Tea and Training

It wasn’t all nonstop fun and adventure in England.  Because I had been to Ethiopia, I had to watch a security video.  It had been a month since I’d returned and I finally got around to watching it.

There are all sorts of ex US Marines and ex MI5 types who sell security training to nongovernmental organizations.  I don’t want to poo-poo the seriousness of the security risks in some locations.  Aid workers do get kidnapped, raped, and killed.  But it’s rare.  The worst risk I ran in Ethiopia, I think, was getting hit by a truck.  A lot of people who are new to international work might assume that kidnaping is the biggest danger, while they’re stepping out into a chaotic street full of speeding land rovers and tuk tuks making up rules as they go along.

I plunked down on the couch with a cuppa (a cup of tea).  Below is another iconic item you find in British homes—the tea bag caddy.  They come in an endless assortment of shapes, materials, and designs.  You can buy one for 99p.  They are always stained with tea, like mine below, and usually piled with wet, cold used tea bags.

The tea bag caddy is not to be confused with another item of the same name.

This second item holds a selection of tea bags.  This is often given as a hostess gift and politely stored in the back of a cupboard until the tea becomes fossilized.  This is because, like anyone, Brits have their regular tea they are accustomed to—usually English Breakfast or Earl Grey.  They may try a bag of oolong green tea with ginger hibiscus super antioxidant goji berry essence—once—which will be enough.

Most homes have a box of PG Tips, which is referred to as “builders’ tea.”  This means it’s strong—strong enough to get a construction worker revved up to go back to his heavy labour.  It’s a utility tea—you only need to dunk it into hot water two or three times to get a massive hit of caffeine; no herbal tea “steep for seven and a half minutes in 140 degree water” here.
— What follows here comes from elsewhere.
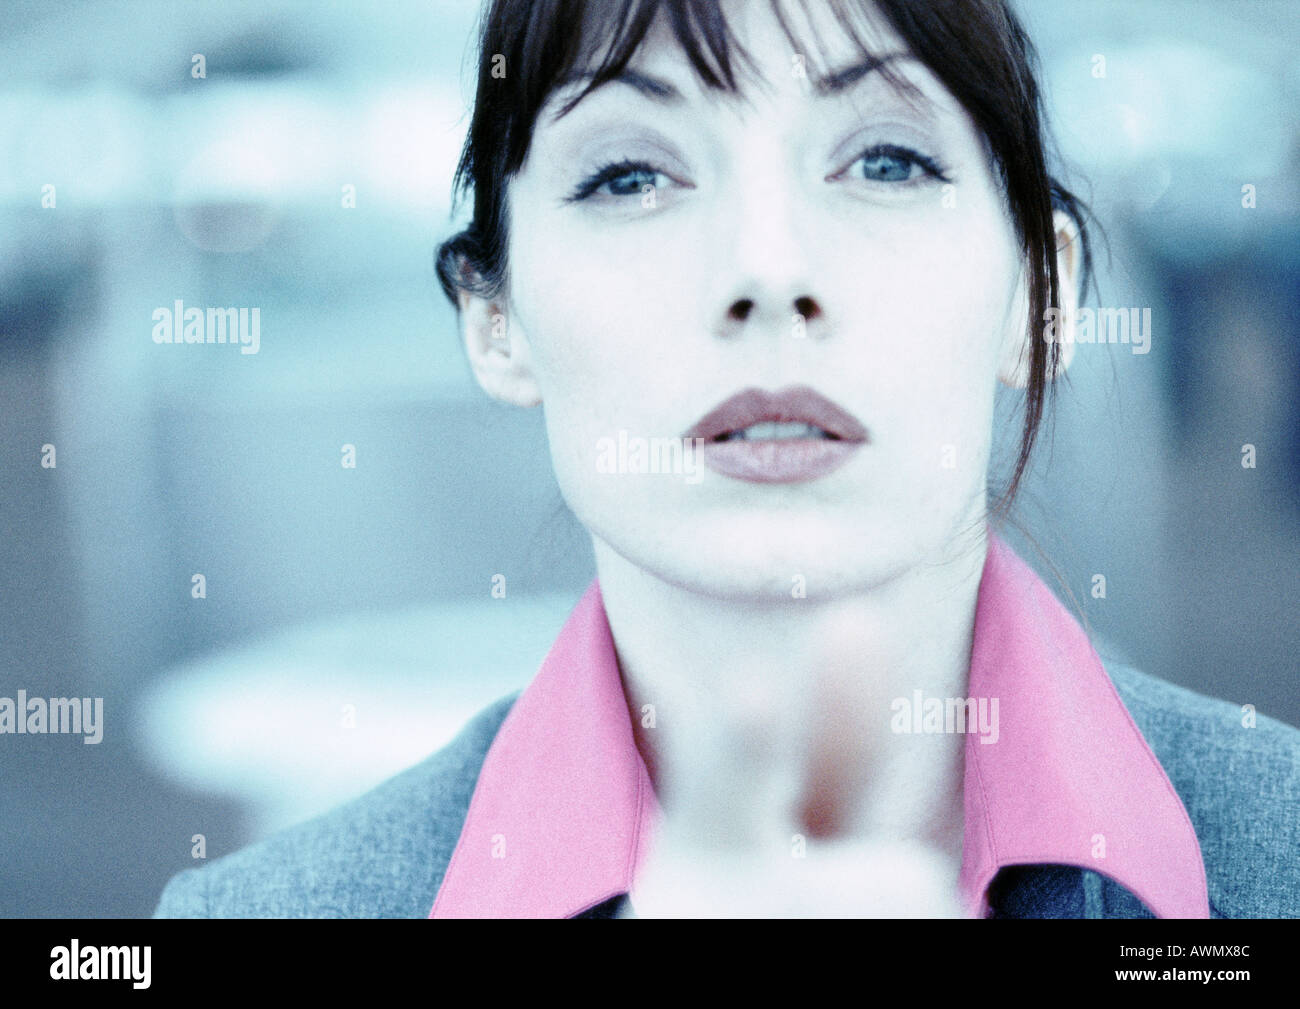 Businesswoman looking and pointing at camera, fingers blurred in foreground, close-up, cool toned. Stock Photo

Plus they have an amusing spokesmonkey.

Back to the security training.  I try to keep an open mind and assume I will learn something new.  But I have watched similar videos at least four times before, and I’m also a woman who lives alone in the city and who travels the world on her own.  So yes, I am aware that I should always lock my hotel room door, and wear a seatbelt, and not leave my drink unattended in a bar.

The video was narrated by a robotic female voice.  I felt like I was on hold for an hour with a nightmare call to my internet provider customer service line.

The video was really a powerpoint with whiz-bang transitions. The clip art below isn’t from the security training, but it featured menacing versions of these ubiquitous blue playdoh powerpoint people.

The internet at Sam’s was so slow that the training kept freezing and shutting down and I’d have to restart it.  I was missing pieces of it, I knew, but it seemed to be all about men in balaclavas kidnapping aid workers.  This would be, of course, anyone’s worst fear.  It’s also how they sell these security trainings.

Again, I don’t want to downplay the seriousness of using common sense and taking precautions.  You prepare for the worst and hope for the best, as they say.

Smarty pants me, there was a test at the end and I couldn’t pass it because I had missed one of the scenarios:

“Your car is stopped at a security check point, and soldiers demand you get out of the vehicle.  What do you do?”

  1. Loudly inform them that you are American/British/Etc.
  2. Get out, then run in a zig zag pattern into the bush.
  3. Politely refuse. Do not make eye contact.
  4. Offer them a small bribe.

None of these seemed like a good idea so I chose a different one until I passed. I am recreating this from memory, so don’t ask me the correct answer.